On Mon, Aug 19, 2024, at 19:08, Derick Rethans wrote:
> Hi!
> 
> Arnaud, Larry, and I have been working on an article describing the 
> state of generics and collections, and related "experiments".
> 
> You can find this article on the PHP Foundation's Blog:
> https://thephp.foundation/blog/2024/08/19/state-of-generics-and-collections/
> 
> cheers,
> Derick
> 

As an experiment, awhile ago, I went a different route for reified generics by 
'hacking' type aliases (which I was also experimenting with).
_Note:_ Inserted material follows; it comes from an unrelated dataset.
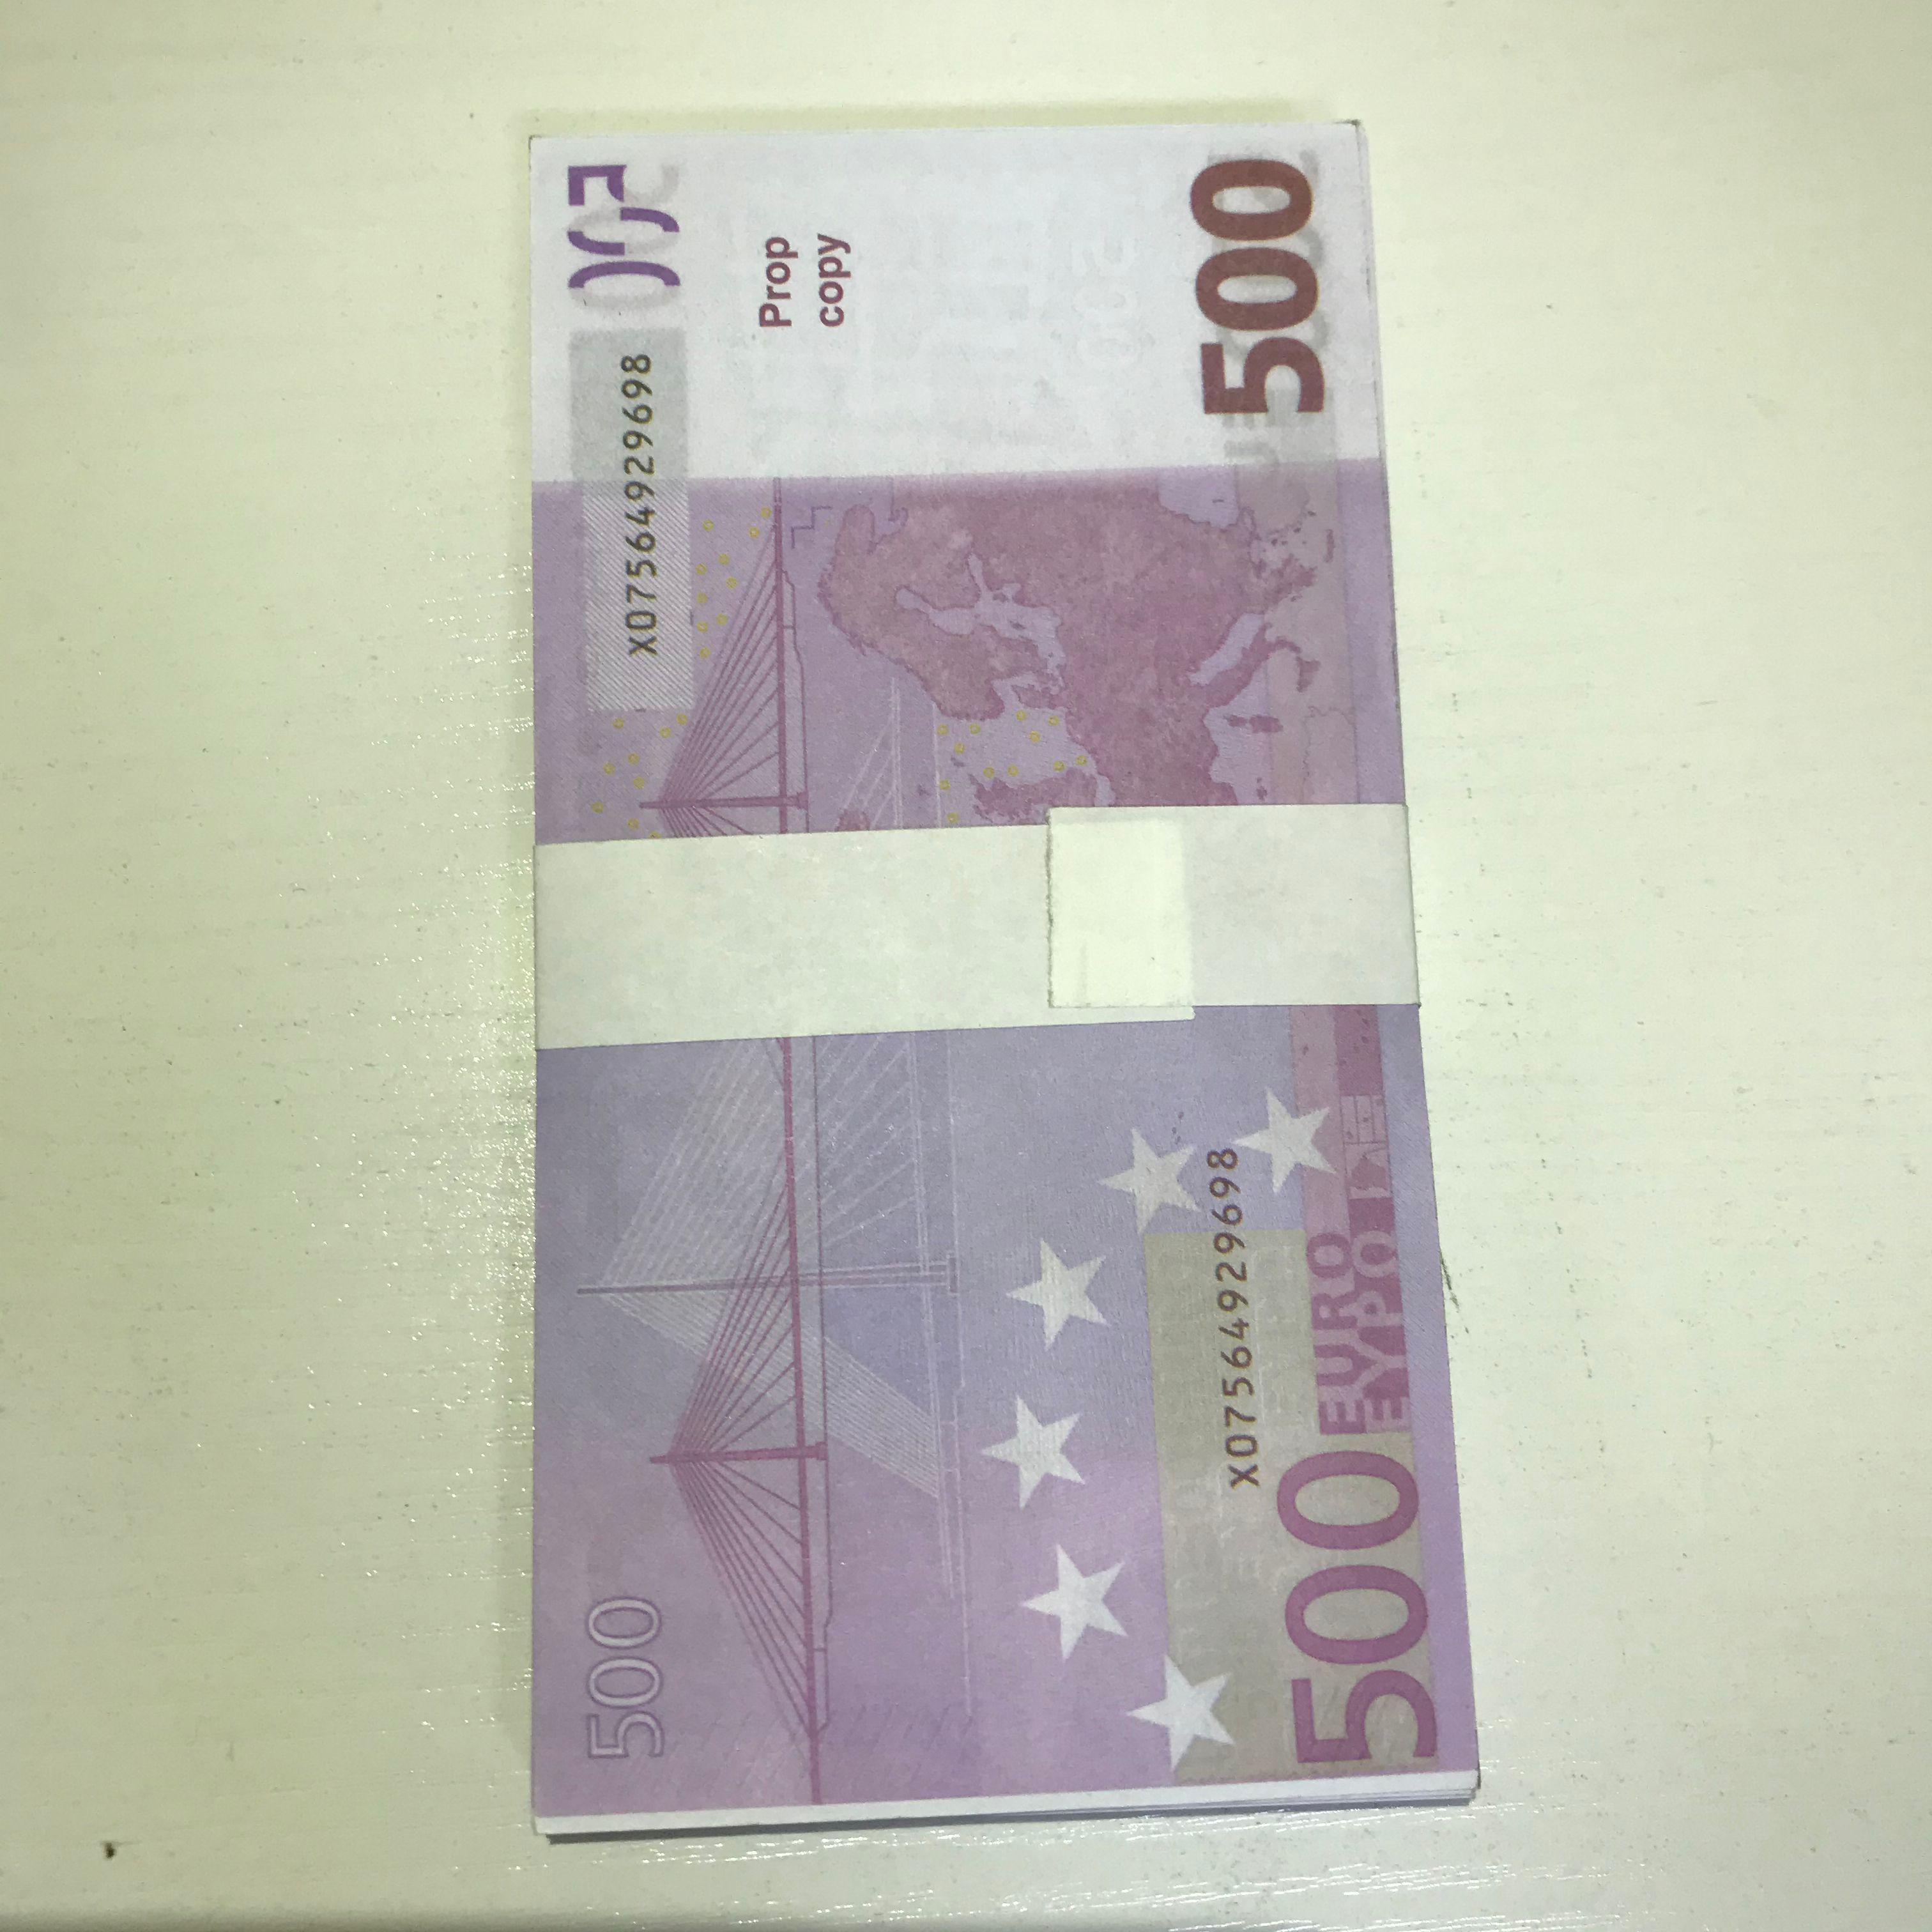 Jouet LE500-31 nouveau EFSIU PROP 500 livres FAUX MAGIC BILLETFIT Billet Billet cadeau papier cadeau dollar dollar billet de billet euro utoqh
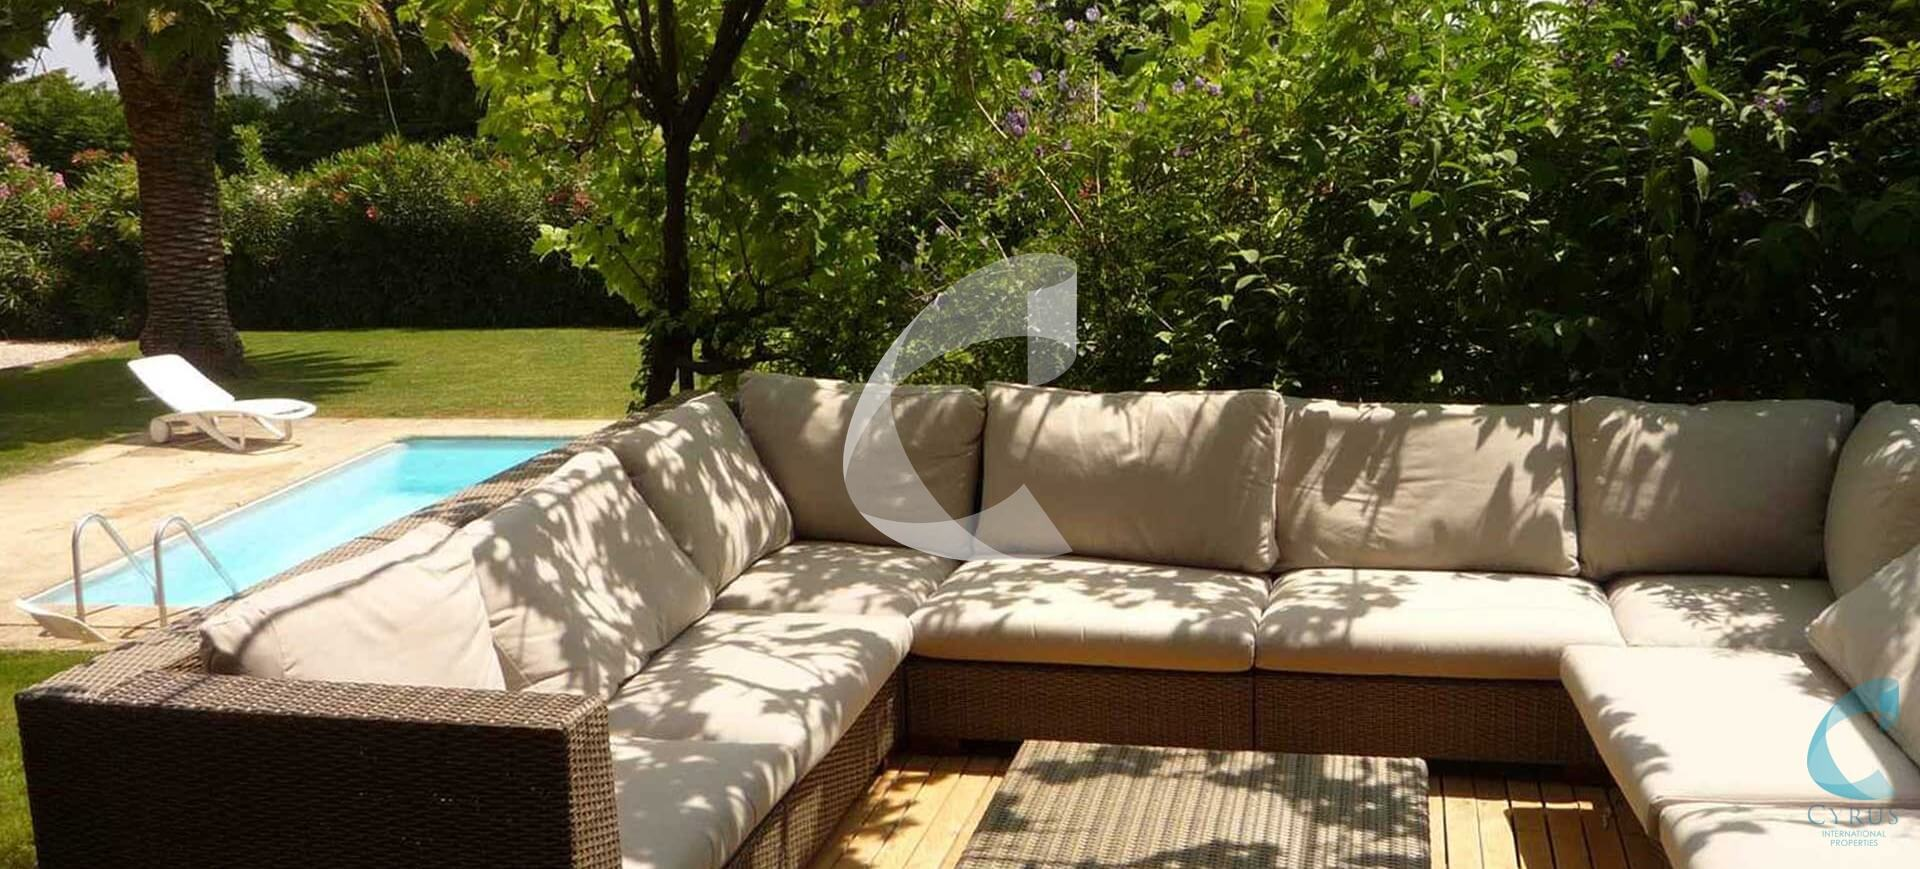 St Tropez Villa lounge Rental

Such that a 
generic becomes compiled into a concrete implementation with a dangling type 
alias:

class Box<T> {
  function __construct(T $thing) {}
}

is essentially compiled to

class Box {
  use alias __Box_T => ???;

  function __construct(__Box_T $thing) {}
}

This just gets a T type alias (empty-ish, with a mangled name) that gets filled 
in during runtime (every instance gets its own type alias table, and uses that 
along with the file alias table). There shouldn't be any performance impact 
this way (or at least, as bad as using type aliases, in general; which is also 
an oft-requested feature).

Thus, when you create a new Box<int> it just fills in that type alias for T as 
int. Nesting still works too Box<Box<int>> is just an int type alias on the 
inner Box and the outer Box alias is just Box. Type-checking basically works 
just like it does today (IIRC, Box<int> literally got stored as "Box<int>" for 
fast checking), and reflection just looks up the type aliases and unmangles 
them -- though I know for certain I never finished reflection and got bogged 
down in GC shenanigans.

There were probably some serious cons in that approach, but I ran out of free 
time to investigate. If you are doing experiments, it is probably worth looking 
into.

FYI though, people seemed really turned off by file-level type aliases (at 
least exposed to user-land, so I never actually pursued it).